GC surely helps to mitigate the security aspect of this. But the
bug in the application logic may still be there and only manifest
itself as a memory leak (if the application still keeps a pointer
to the data that is not supposed to be used anymore). A good
coding practice in C/C++ is to explicitly set a pointer to NULL
immediately after deallocating memory.
> Integer overflow is also sometimes brought up as something
> important; but at least according to the above categorization
> it only accounts for 2% of issues. So not as big a deal as
> some may have made it sound.
First, not every bug easily results in an exploitable security
vulnerability. It's the same as with the "buffer overflow" vs.
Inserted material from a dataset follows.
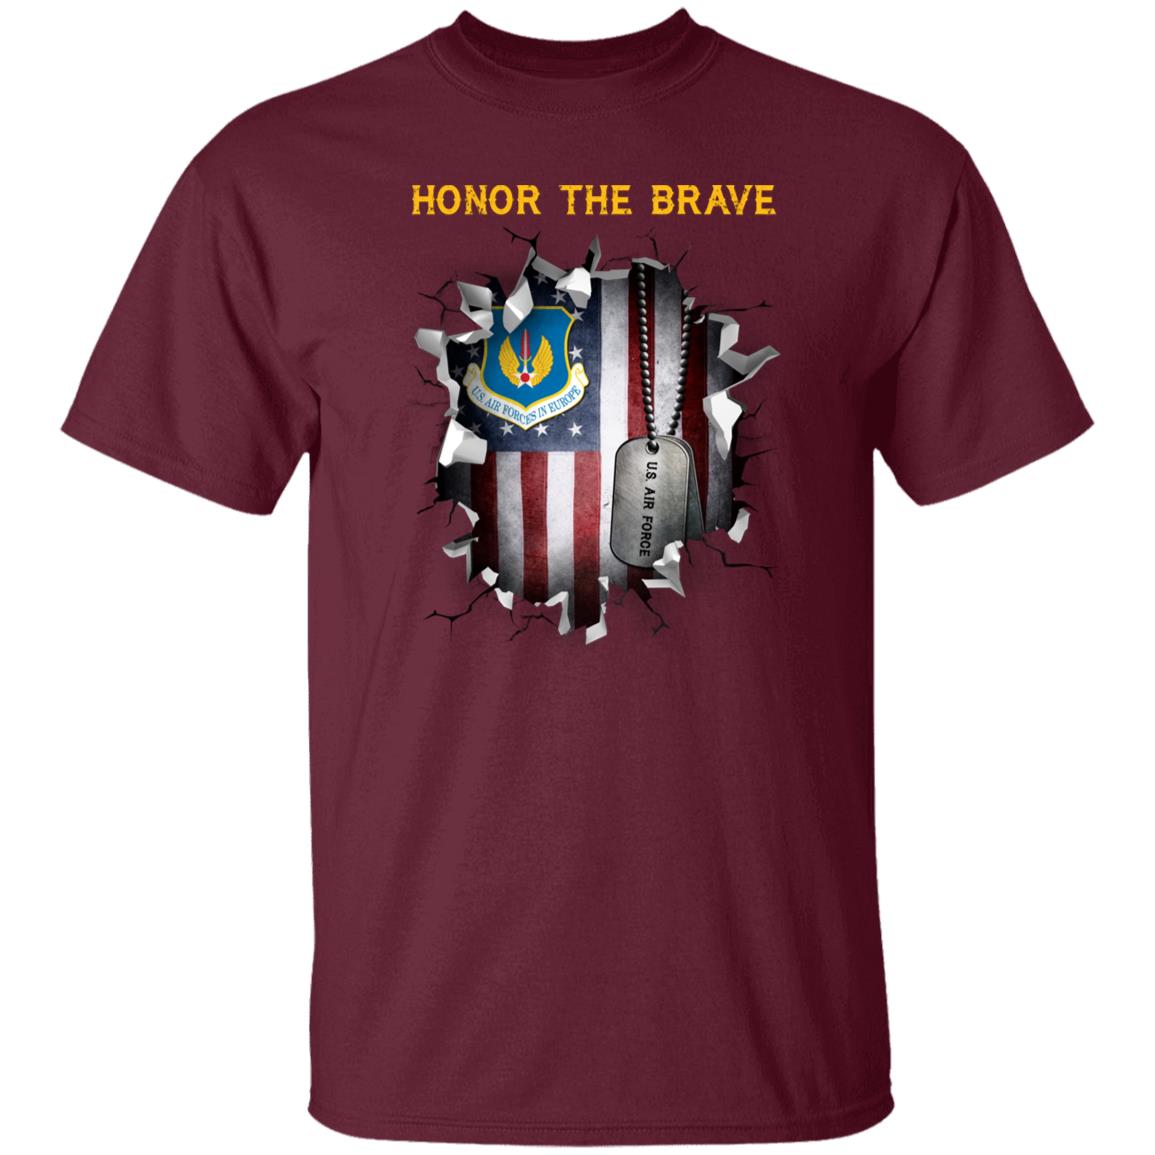 US Air Force in Europe - Honor The Brave Front Shirt
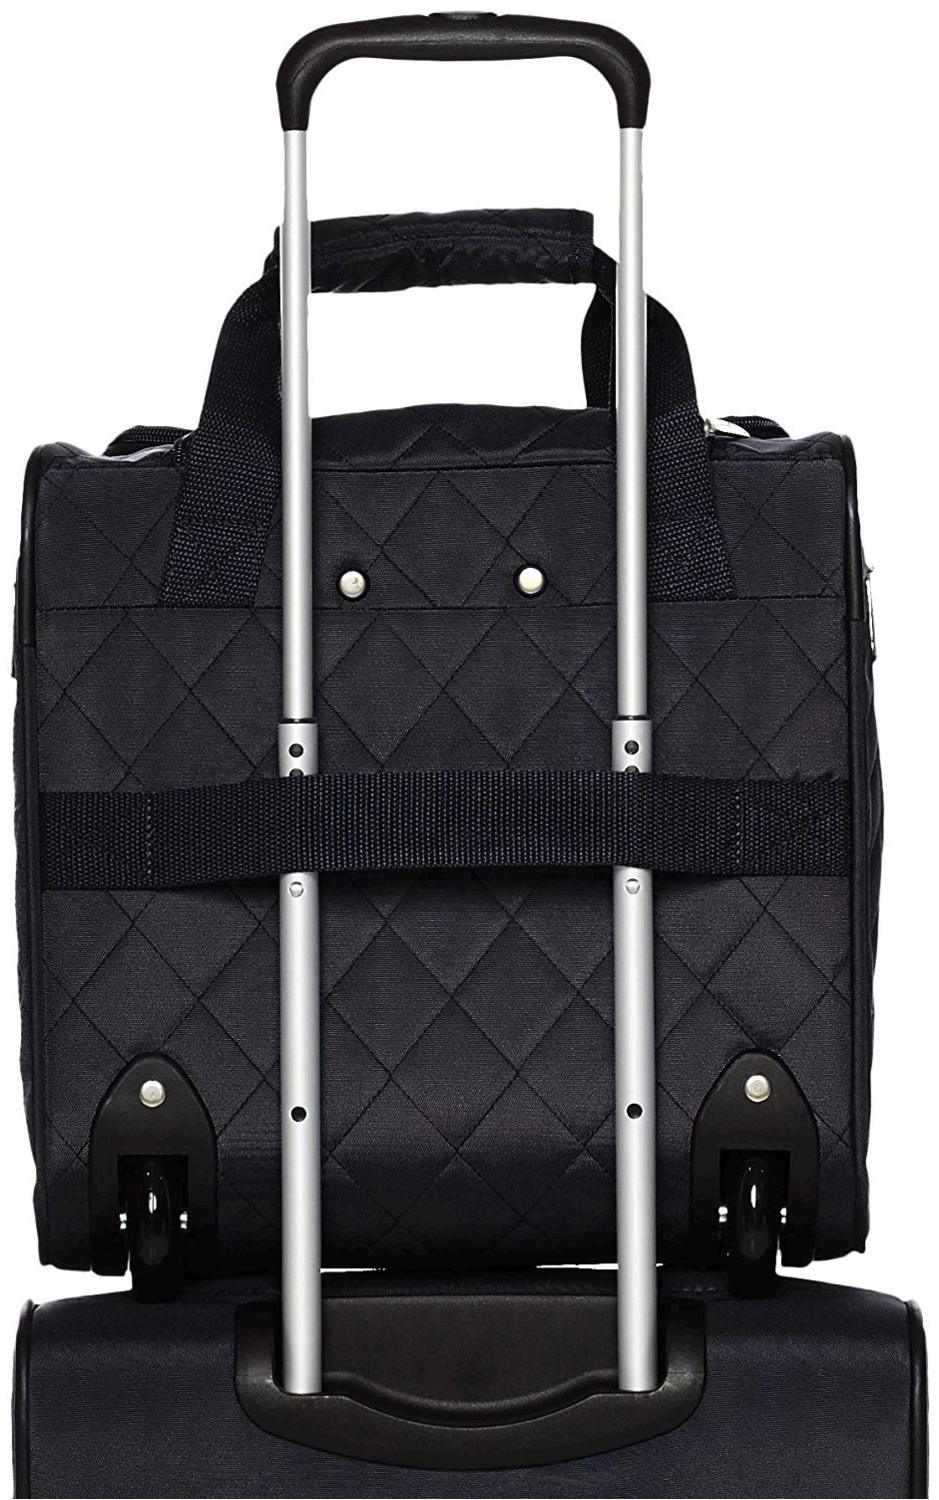 Basics Underseat Carry-On Rolling Travel Luggage, Black Quilted, Size 13.0 | eBay

"use after free" case. And more importantly, C/C++ compilers are
just safer than D compilers when it comes to integer overflows
detection. Chromium developers are actively using
[UBSAN](https://clang.llvm.org/docs/UndefinedBehaviorSanitizer.html), which even allows detecting unsigned integer overflows:
-fsanitize=unsigned-integer-overflow: Unsigned integer
overflow, where the result
of an unsigned integer computation cannot be represented in
its type. Unlike signed
integer overflow, this is not undefined behavior, but it is
often unintentional.
You can grep Chromium source code for `no_sanitize` or even
`__attribute__((no_sanitize("unsigned-integer-overflow")))` if
you don't believe me.
Many of the integer overflow bugs are caught by the C++ compiler
via UBSAN during the development and never reach the end users.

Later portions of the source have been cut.